In Phoenix, DNC chairman Tom Perez stresses Trump's 'broken promises'

DNC Chairman Tom Perez spoke about Trump’s recent proposed budget cuts that would slash funding for Medicaid, Medicare, and Social Security programs during a roundtable discussion on Monday, Feb. 17, 2020.

Seeking to repeat 2018's ballot-box success for Democrats in Arizona and across the country, the national party’s chairman spent Monday in Phoenix emphasizing what he called President Donald Trump’s "broken promises" in his proposed budget, especially on health care.

Tom Perez, Democratic National Committee chairman, hammered Trump’s priorities, saying Trump had broken campaign pledges not to hurt Social Security and Medicare while preserving tax cuts for the wealthy. 

"He promised to make prescription drugs cheaper, and that hasn't happened because he refuses to stand up to the pharmaceutical industry," Perez said. "He repeatedly promised he would not cut Medicaid, Medicare and Social Security. You look at the budget in 2021, the proposed budget that they submitted last week does exactly that.

"Budgets, in my judgment, are moral documents. They reflect the values of a community and, frankly, a nation. This budget proposal from this president is morally bankrupt."

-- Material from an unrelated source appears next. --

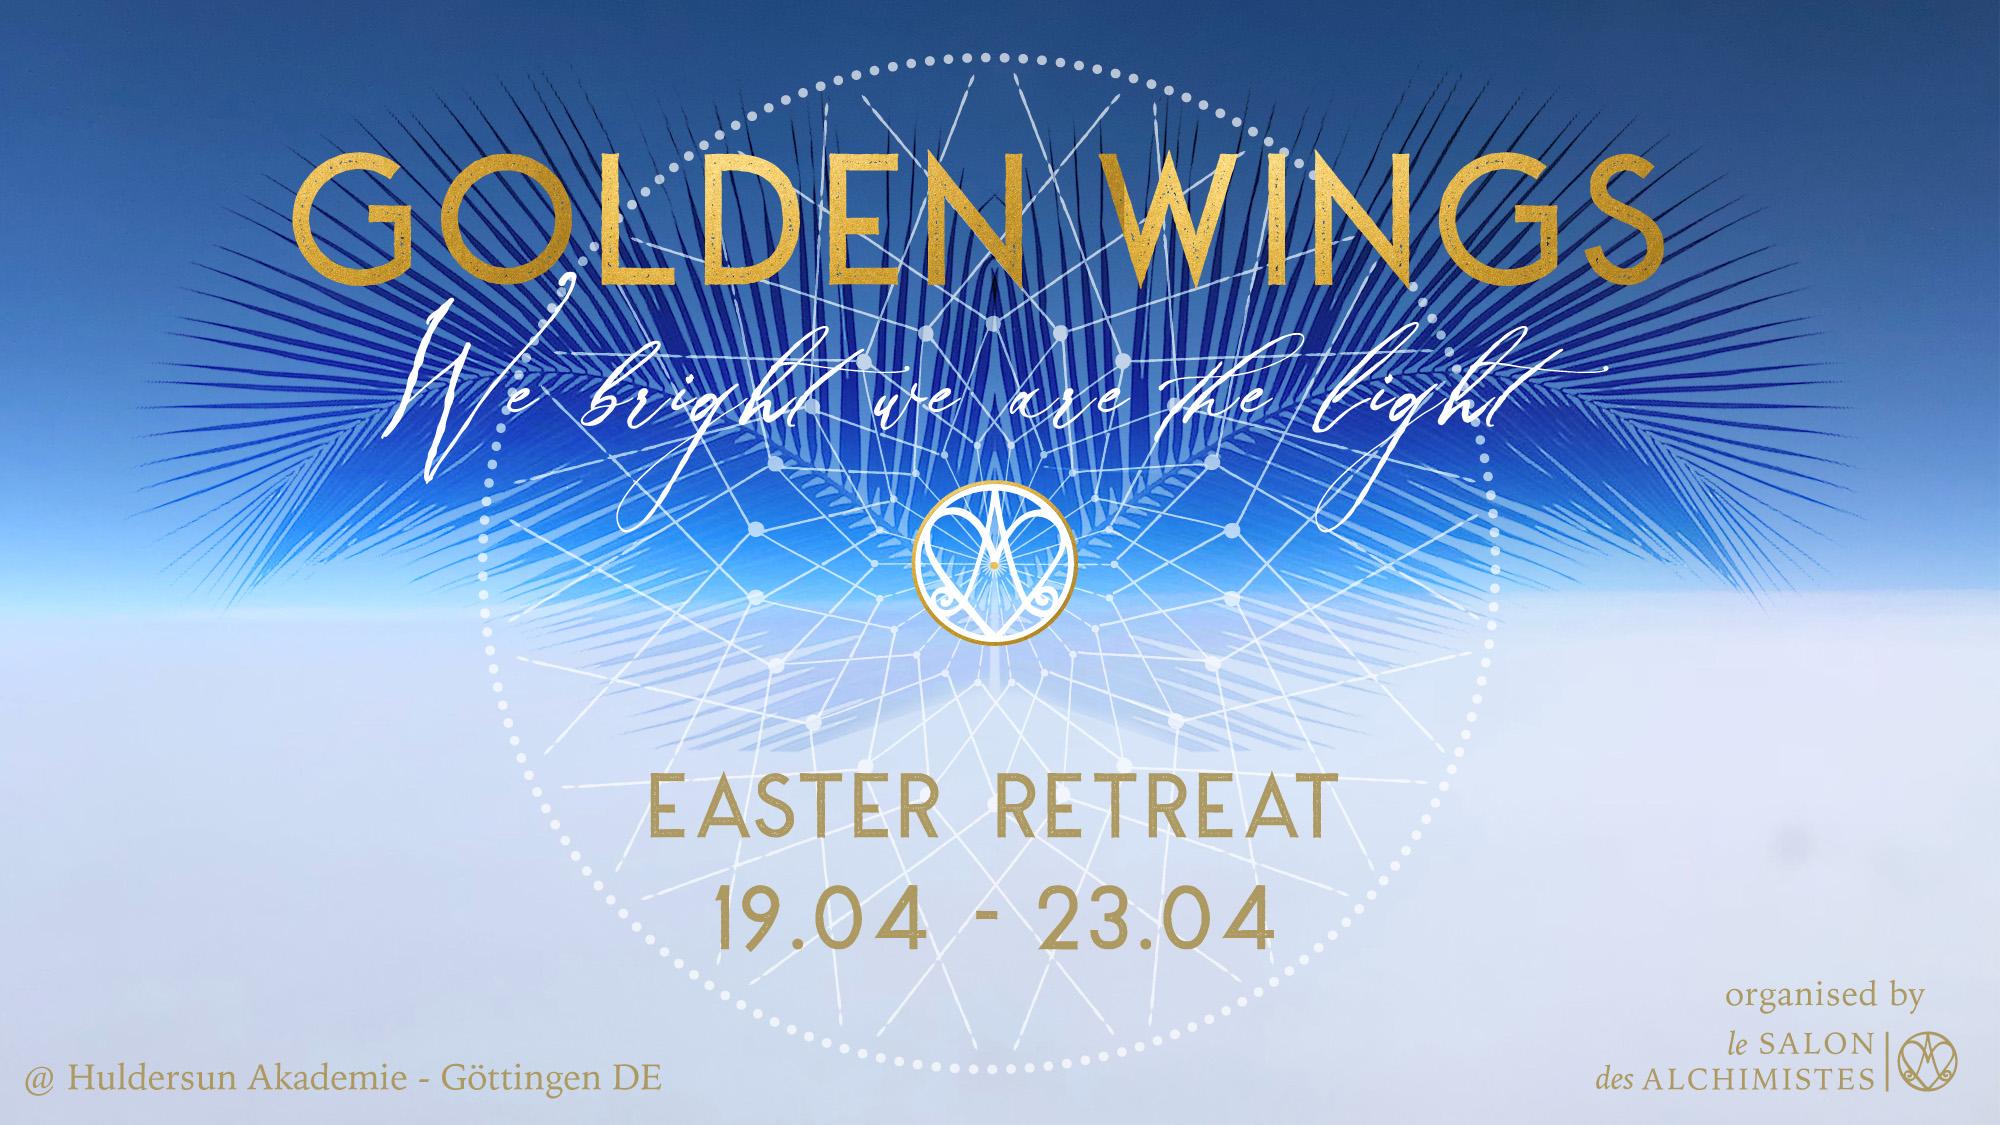 Golden Wings Osterretreat 2019

Perez's appearance comes days after the DNC announced that a presidential primary debate would take place in Phoenix, another sign of the party's confidence in the state's emerging purple status. 

Trump's latest budget proposal, unlikely to pass a Democrat-controlled House, would reduce spending in Medicare by $480 billion over a decade. Medicaid would get $920 billion less over the same 10 years as the administration seeks to reduce future deficits.

The Medicare savings would come chiefly in payment cuts to doctors and hospitals. Medicaid would cut its spending in part by having states implement work requirements and more-stringent eligibility screening.

His budget proposal last year also sought nearly $2 trillion in proposed cost savings in programs including Medicare and Medicaid and would have cut $26 billion from Social Security spending, much of it in the program that provides aid to the nation's disabled.   

In a January interview with CNBC, Trump signaled a willingness to take a new budgetary approach to entitlement programs.

"At the right time, we will take a look at that," he said. 

To emphasize the Democrats' concerns with the Trump budget, two Valley residents talked to Perez at a roundtable at Carpenters Local Union 1912 in west Phoenix about their own health care struggles. Democratic state lawmakers Rep. Raquel Terán of Phoenix and Rep. Kelli Butler of Paradise Valley joined the discussion and echoed Perez's criticisms. 

Gilbert resident Steve Gomez said his 4-year-old son has already received a heart transplant and health care services totaling more than $3 million.

Gomez worries that if the Affordable Care Act is struck down, the nation will revert to the system that allowed insurance companies to cap lifetime medical expenditures. 

Trump supports the effort that includes Arizona Attorney General Mark Brnovich to remove the ACA's individual mandate, which critics say could unravel the law.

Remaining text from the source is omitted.